Это был Сергей Поветкин, лучший друг Петра Лужко и однокашник Веры по техникуму.
Сжимая его руку, неотрывно глядя на него и безостановочно говоря, Вера и узнавала и не узнавала Поветкина. Кажется, он был все такой же, как и в тот осенний вечер, пять лет назад, когда на подмосковной станции провожали их в военное училище. У него было все то же худое, с острыми скулами и раздвоенным подбородком лицо, те же голубые, с венчиками желтизны вокруг зрачков мечтательные глаза, тот же прямой нос, который в техникуме шутя назывался греческим. Все, кажется, было прежним, но Поветкин был уже не тот. Это Вера видела не потому, что он стал выше ростом, шире в плечах, что у него на петлицах алело по две «шпалы», а на рукавах золотились майорские нашивки. Нет, просто он стал не юным студентом Сережкой, а зрелым мужчиной Сергеем Поветкиным, который не только был старше по годам, но и прошел такую жизнь, которая сделала его взрослее, серьезнее и мудрее.

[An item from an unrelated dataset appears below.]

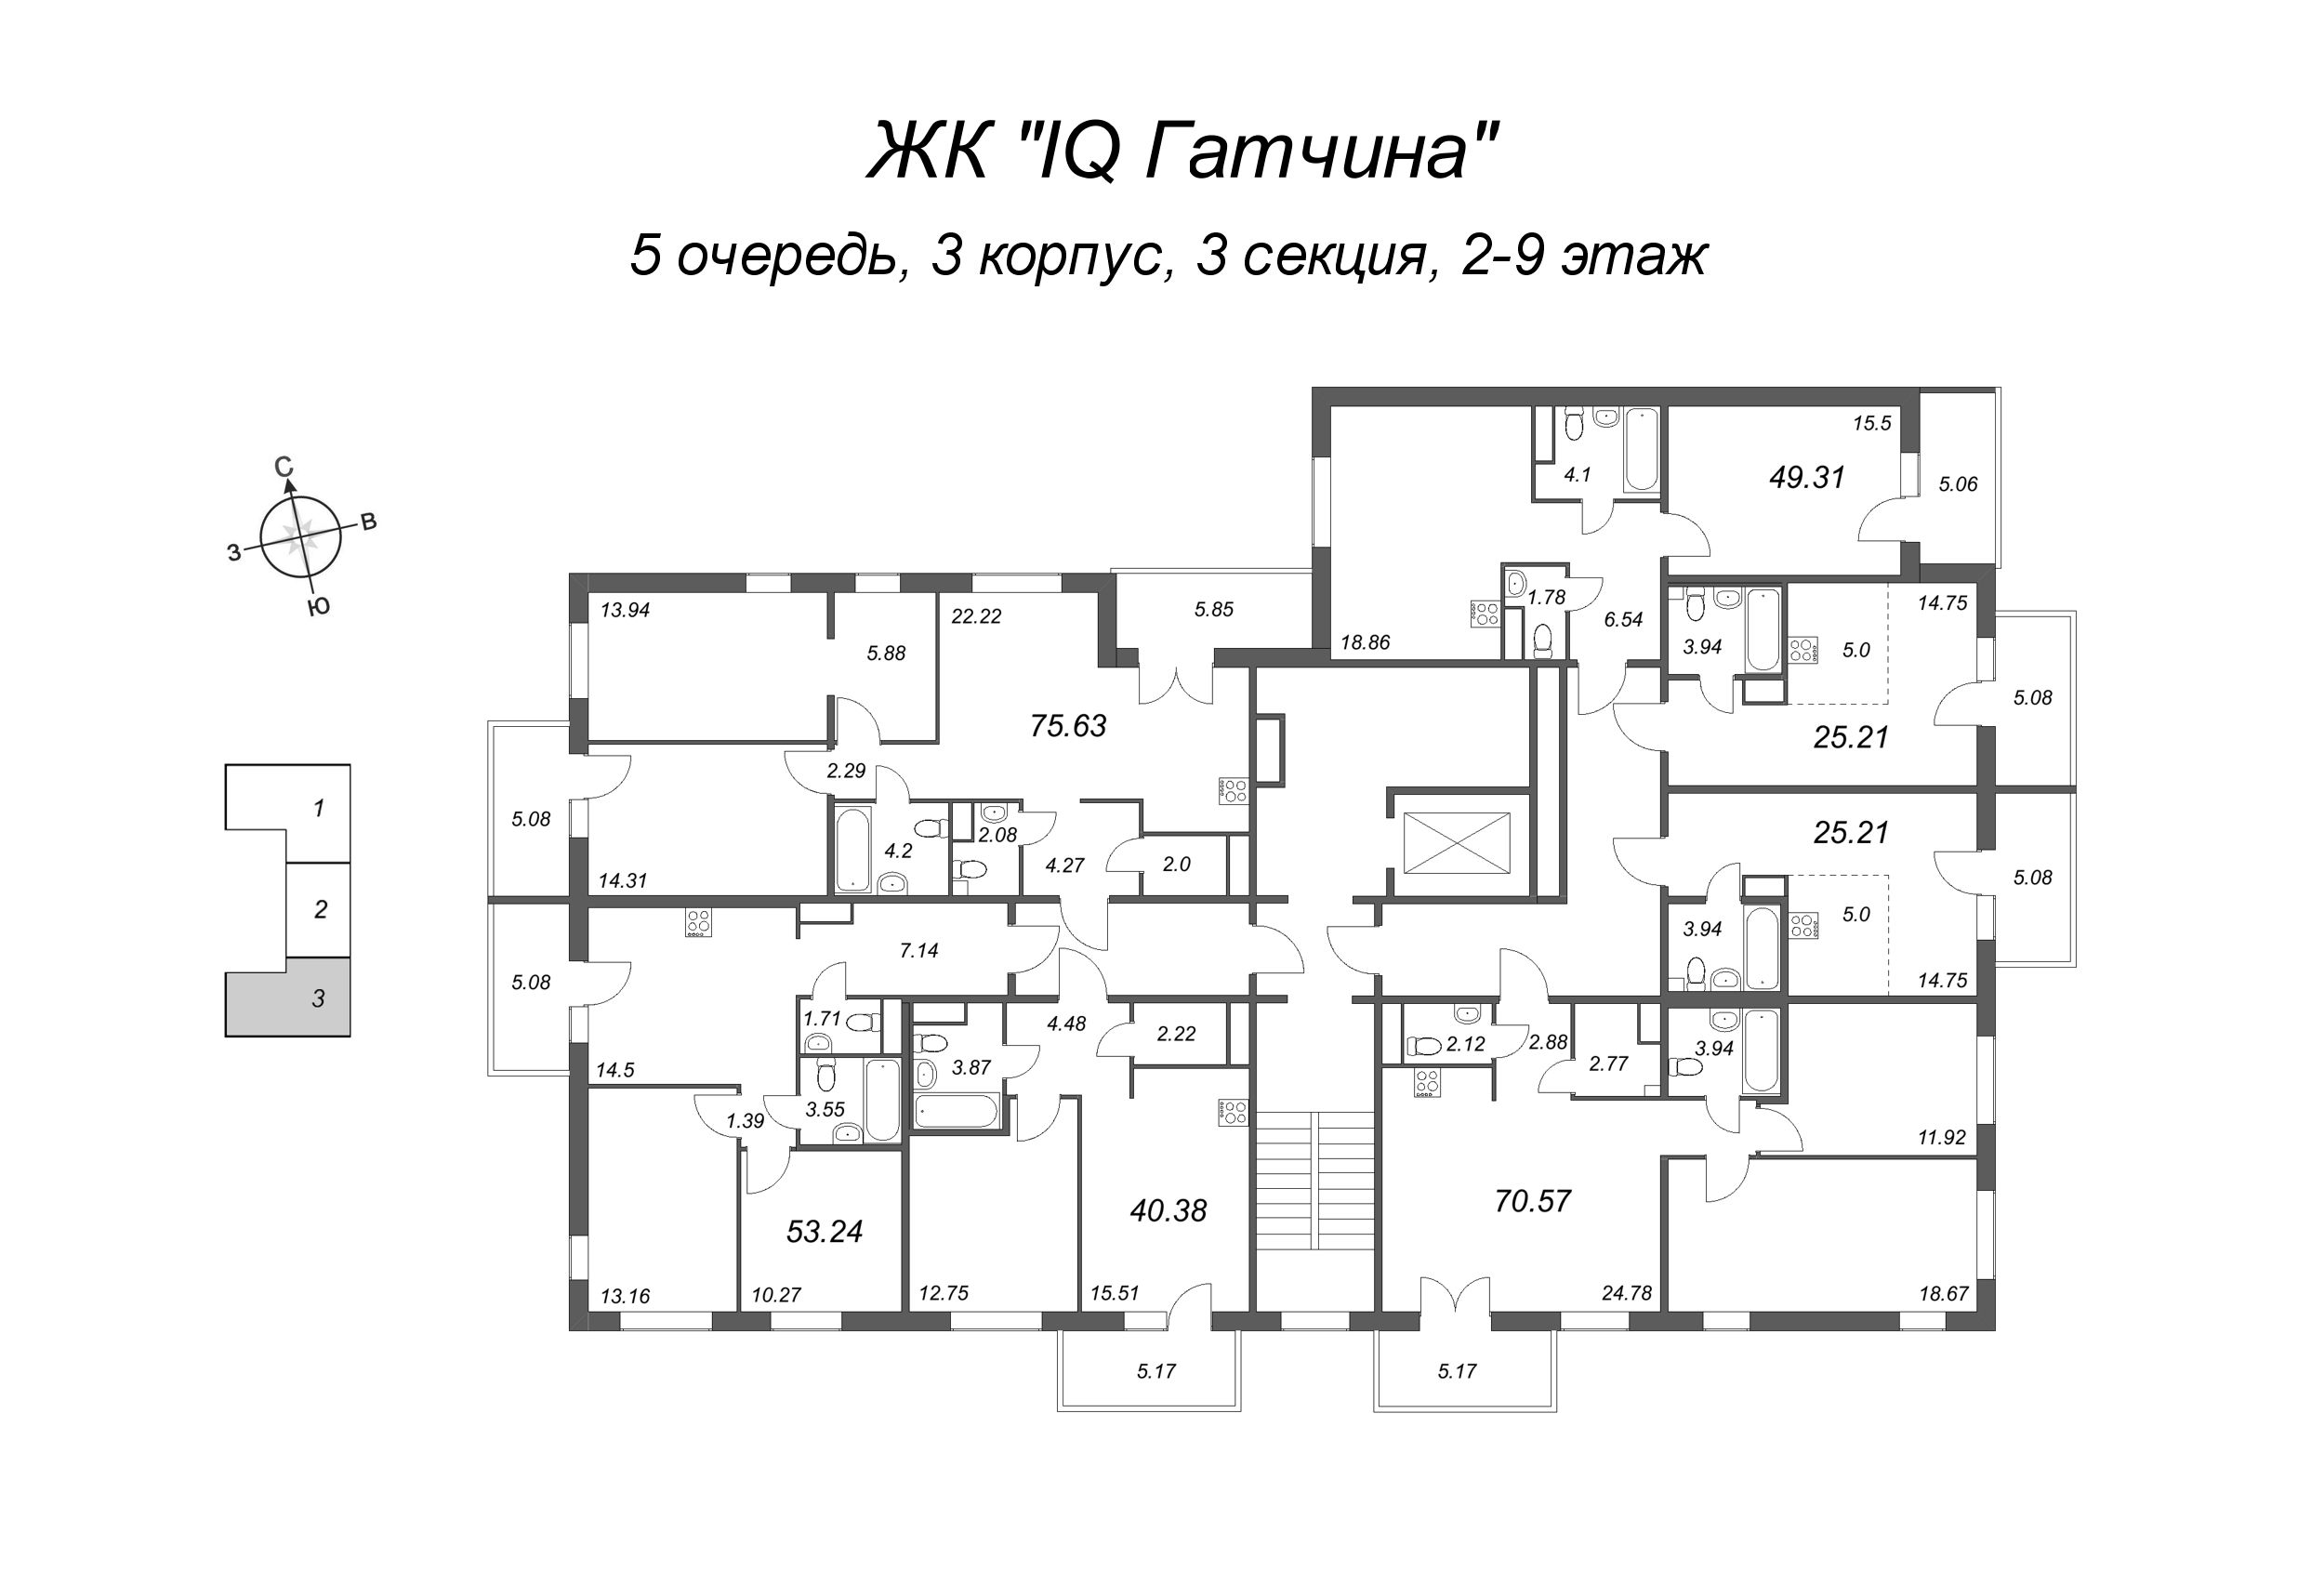 4-комнатная (Евро) квартира, 75.93 м² - планировка этажа

Особенно остро почувствовала это Вера потому, что сама еще по-настоящему не окунулась в жизнь, хоть и была самостоятельным работником, внутренне чувствовала себя еще девчонкой. Поэтому в первые секунды Вера без умолку и бессвязно говорила, не зная, что и как говорить, как держаться с ним. Однако старая дружба оказалась сильнее этого замешательства.

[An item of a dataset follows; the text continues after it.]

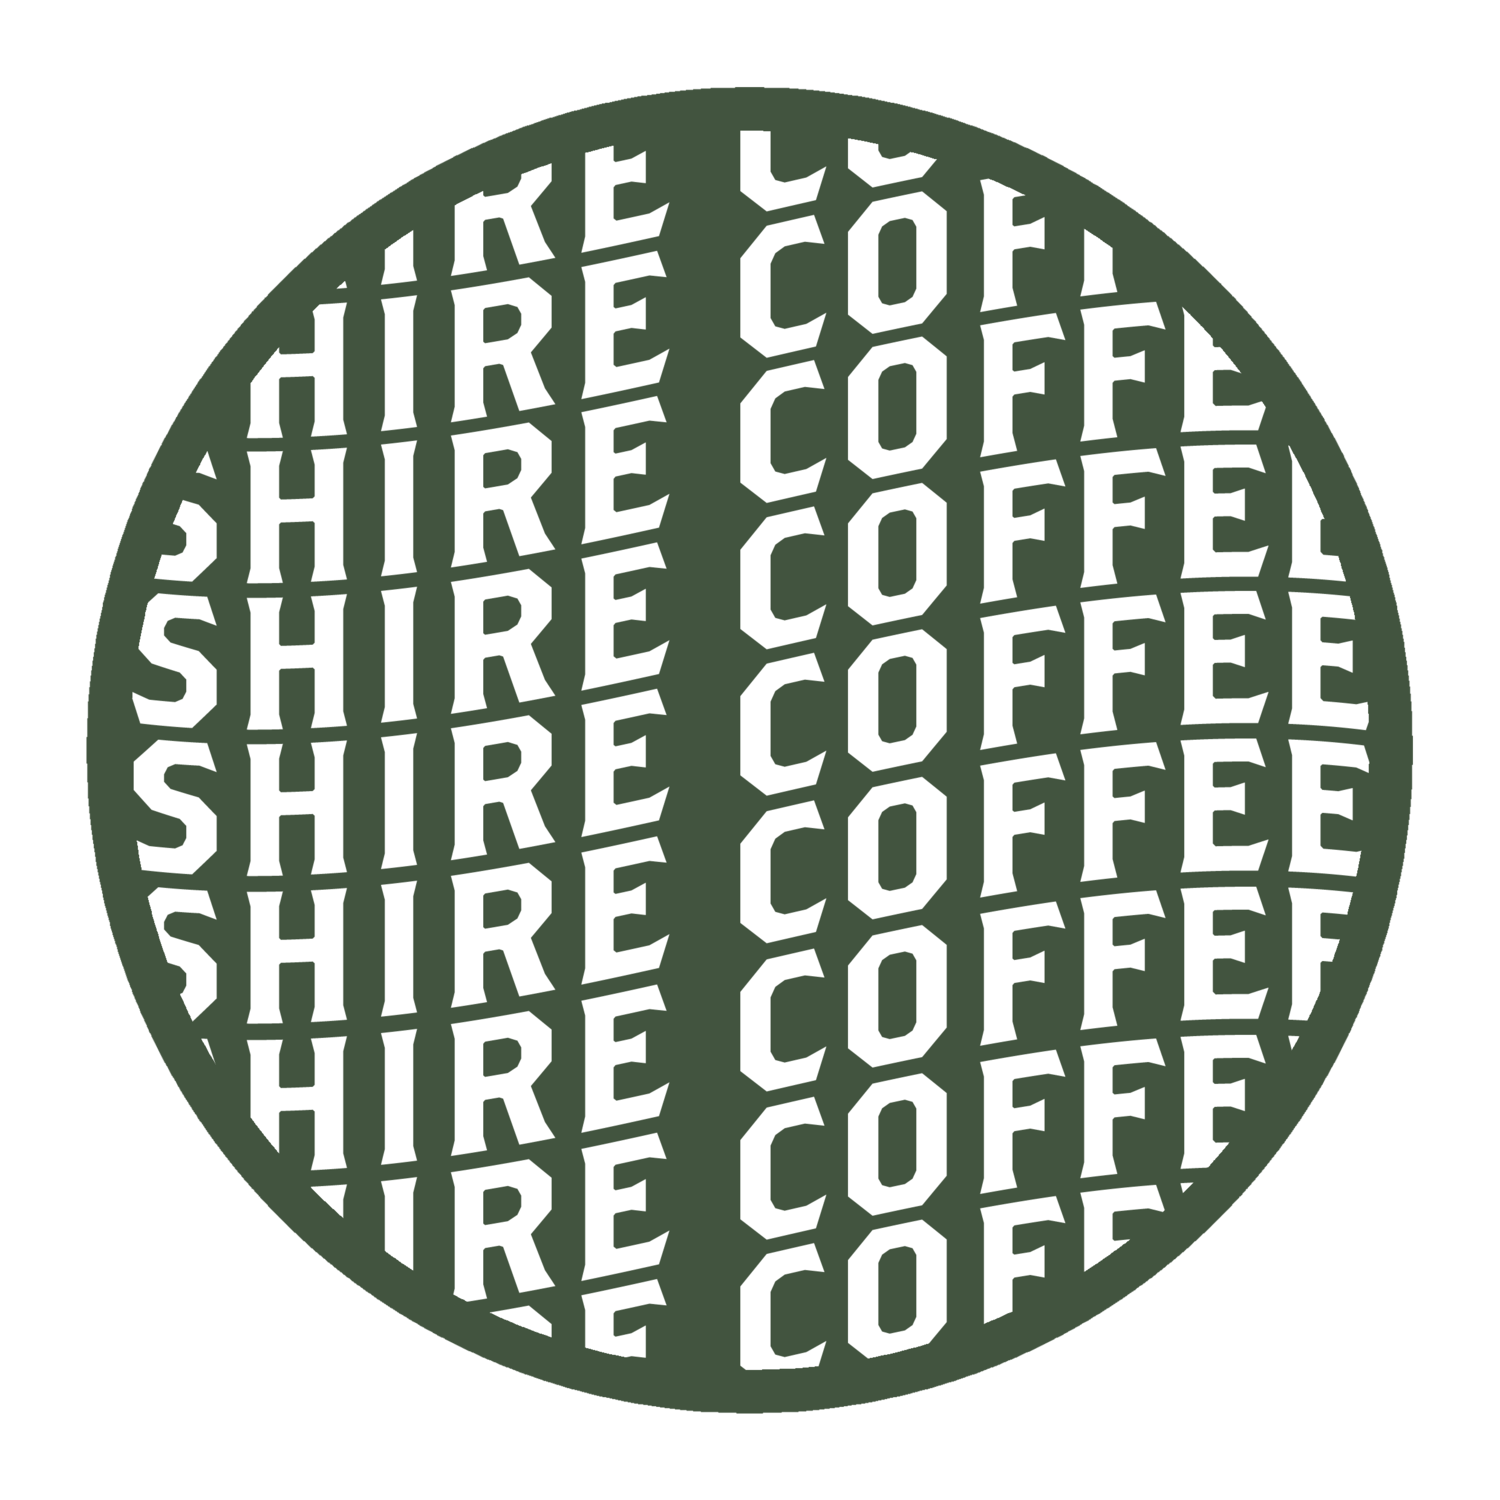 Shire Coffee Co.

– Сережа, Сережка! – звонко, по-студенчески просто и душевно вскрикнула она. – Какой ты стал, Сережка! Неужели и Петро такой? Что же мы стоим у подъезда, пойдем к нам, поговорим. Сережа, я так рада…
Глава тридцать вторая
В управлении кадров, где майор Поветкин получил назначение на должность начальника штаба стрелкового полка, его попросили взять с собой лейтенанта Дробышева, который был назначен командиром пулеметного взвода в тот же полк. Поветкин согласился и потом не однажды раскаивался в этом.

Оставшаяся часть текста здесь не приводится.